Our readers have spoken, and the Top 10 Open Access Fossil Taxa of 2017 have been selected. To celebrate each individual taxon and study, the editors of PLOS Paleo will highlight each in its own individual blog post, counting down from #10 to the number #1 winner.

Babelichthys olneyi holotype. (A) MNHN.F.EIP11d. (B) counterpart MNHN.F.EIP11g. Scale bars = 20 mm. From Davesne (2017). CC-BY.

At #10, I present Babelichthys olneyi, described and published in the open access journal PeerJ by Donald Davesne, a postdoctoral researcher at the University of Oxford. It is named after the Babelfish from Douglas Adams’ The Hitchhiker’s Guide to the Galaxy, and though this intriguing specimen might not be a polyglot, it still offers up some unique insight into the history of crestfishes.

The opah Lampris guttatis on Faroese stamp FO 546 by Astrid Andreasen. Public domain courtesy of Wikipedia.

Babelichthys, based on a single specimen, was recovered from the Middle-Late Eocene Zagros Basin in Iran. It is the first and only-known fossil unicorn crestfish. Crestfishes, in the family Lophotidae, are deep-sea teleosts that are visually notable by their pronounced cranial crests, hence the name. With only two living species and four extinct species, crestfishes are a small but striking group. You might be more familiar with the closely related oarfishes of the family Regalecidae, which often wash ashore and make for many historic sea serpent tales. Or you might recognize the opah, whose genus name Lampris is the base for the Order Lampriformes despite it bearing zero resemblance to most of the fishes in this order (the opah being round and deep-bodied, and most lampriformes being long and ribbon-like).

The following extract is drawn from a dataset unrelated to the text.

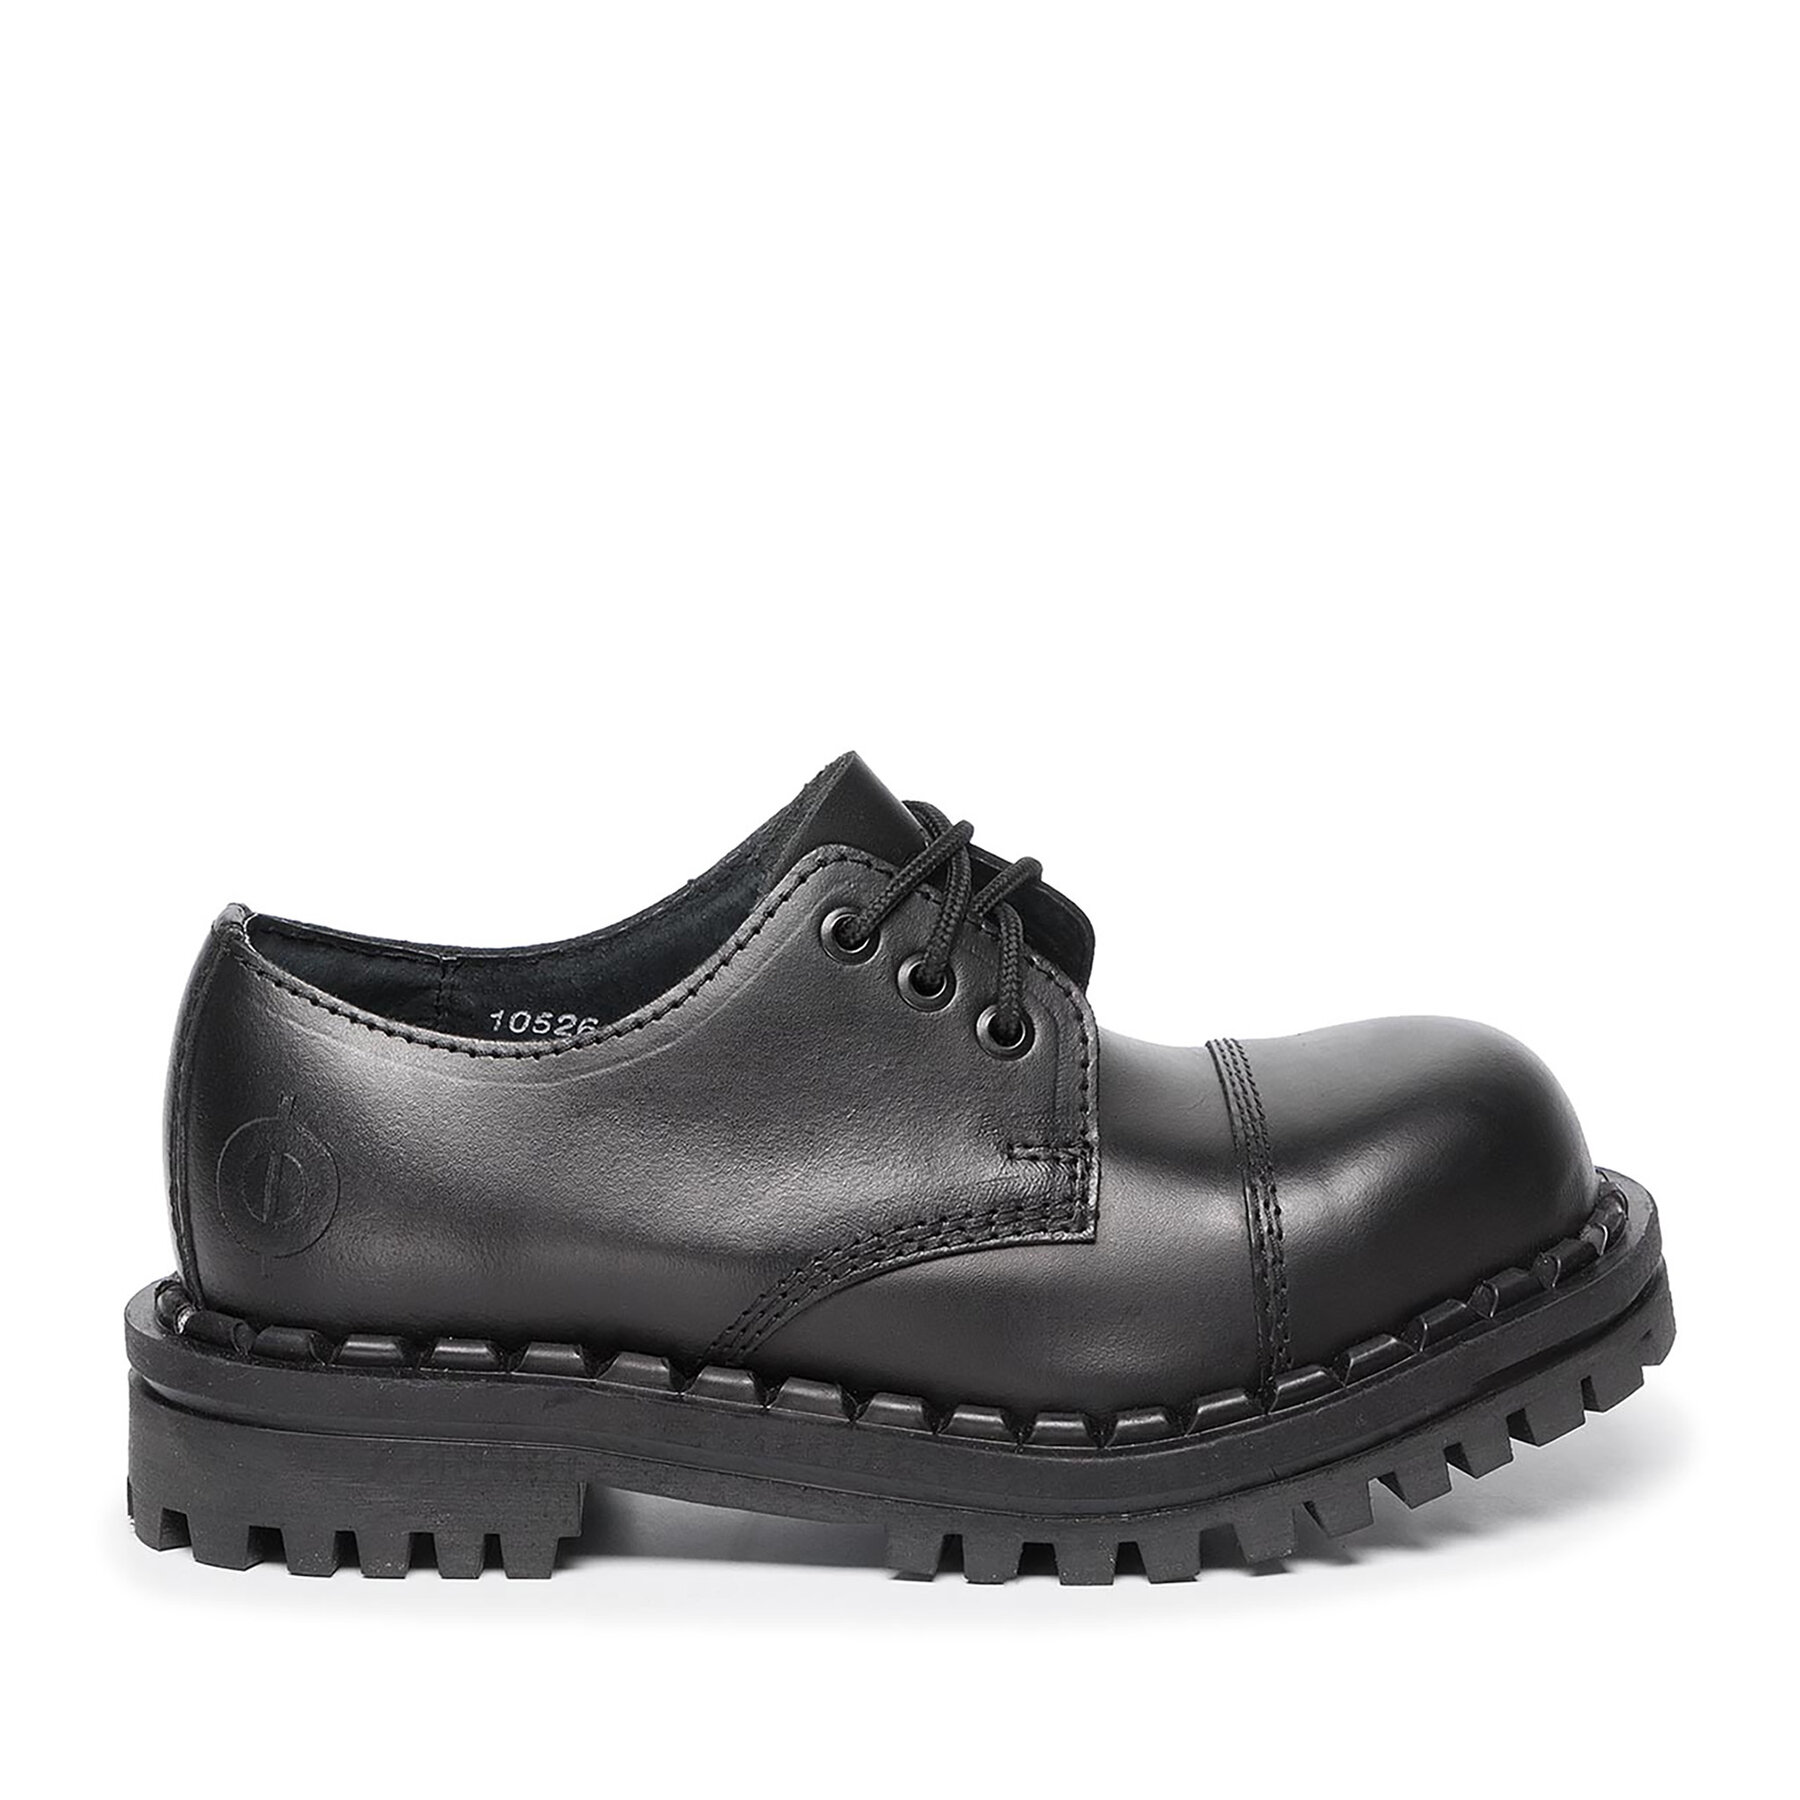 Cipele Altercore 350 Black1
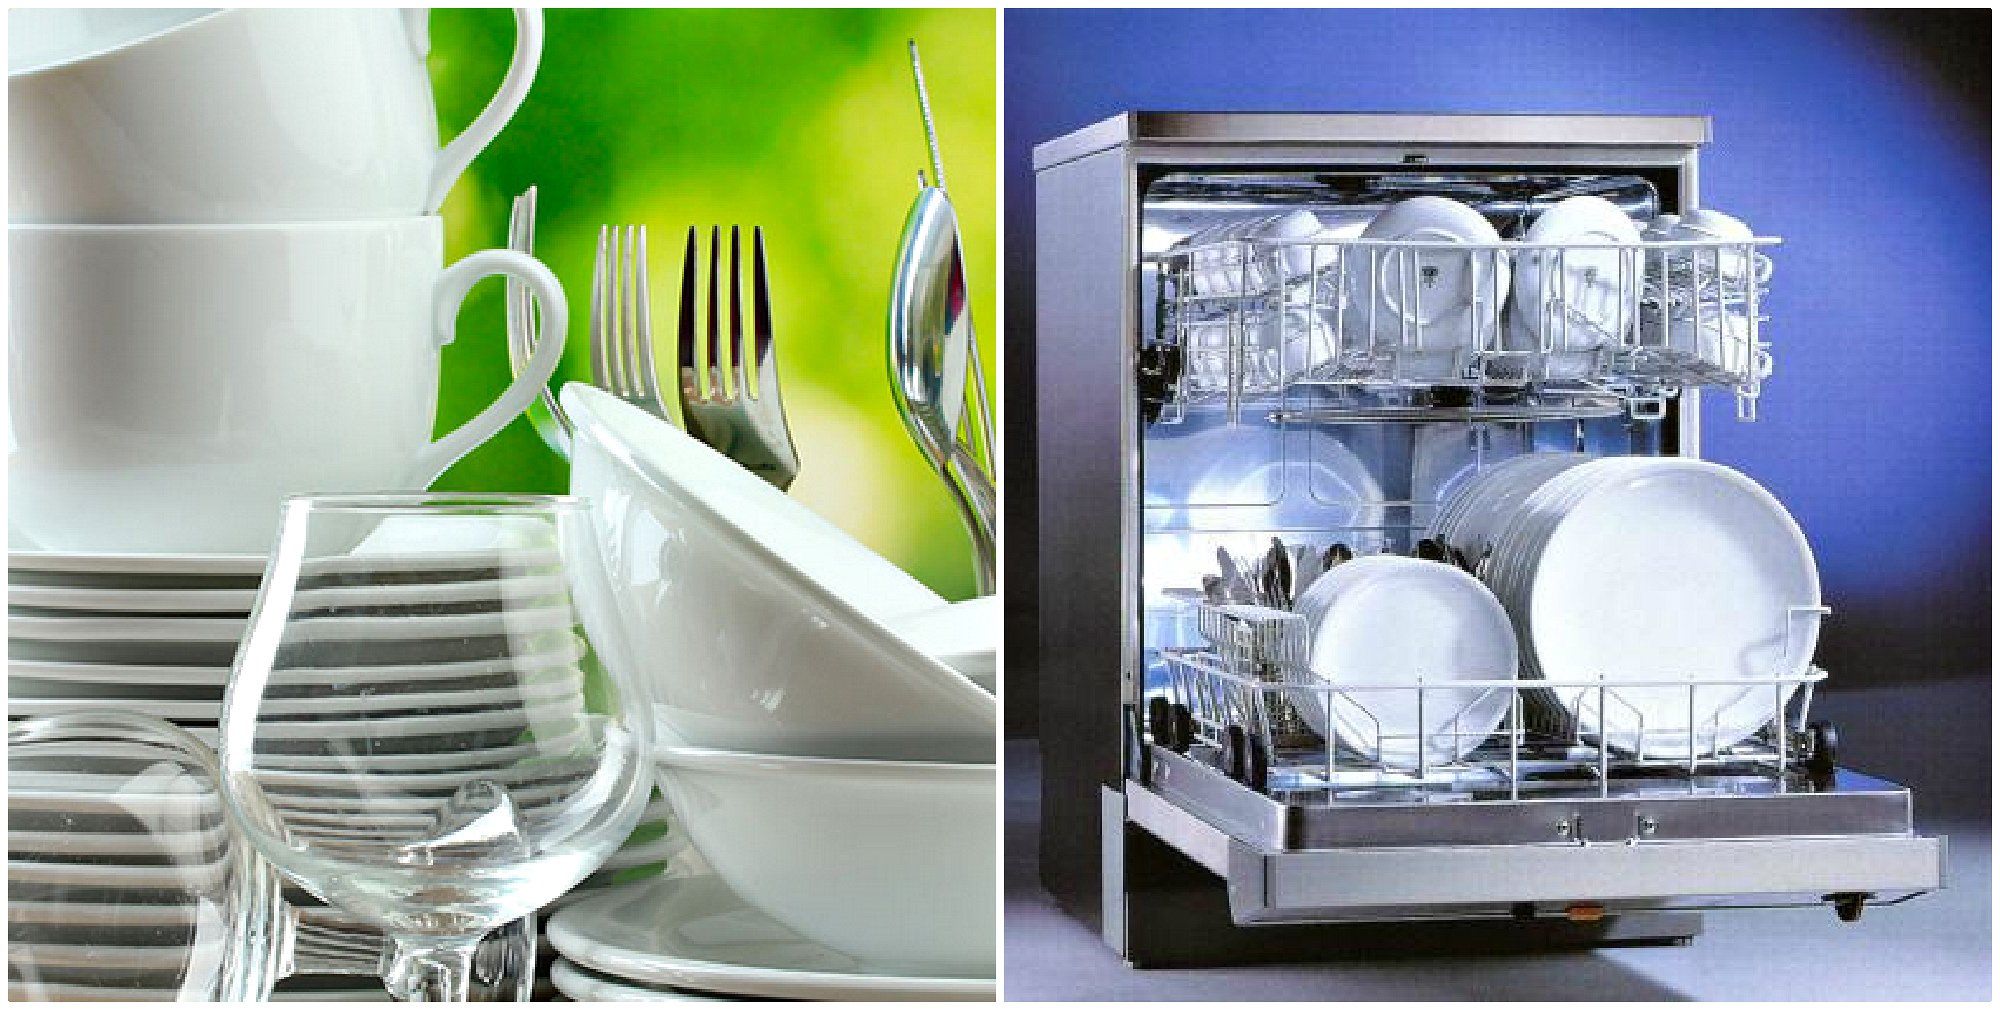 Посудомоечная машина жесткая вода. Посудомоечная посуда. Для посудомоечных машин. Посуда в посудомоечной машине. Чистая посуда в посудомойке.

Babelichthys clearly resembles other living crestfishes with its pronounced head. But for decades it had mistakenly been identified as a specimen of another crestfish species Protolophotus. It took Dr. Davesne to recognize the unique attributes that set Babelichthys apart from other lophotids and properly designate it as a new species.

I was able to ask Dr. Davesne about his work on this fabulous fishy find!

PLOS Paleo: This specimen was collected a long time ago! Why did they go unnoticed as a new taxon for so long? Tell me about your process “discovering” this new species.

The specimen was indeed collected in the 1930s and assigned to another genus, Protolophotus [pictured above]. Another author later recognized that is was distinct and created a new name, but it was invalid because no description was provided. I had noticed the specimen during my Ph.D. at the MNHN in Paris (it was in the public exhibition), but didn’t know about this problem. It wasn’t until my postdoc, during a visit in Moscow to study fossil lampridiforms from Russia that my colleague Alex Bannikov made me realize this taxon needed a new name and a proper description.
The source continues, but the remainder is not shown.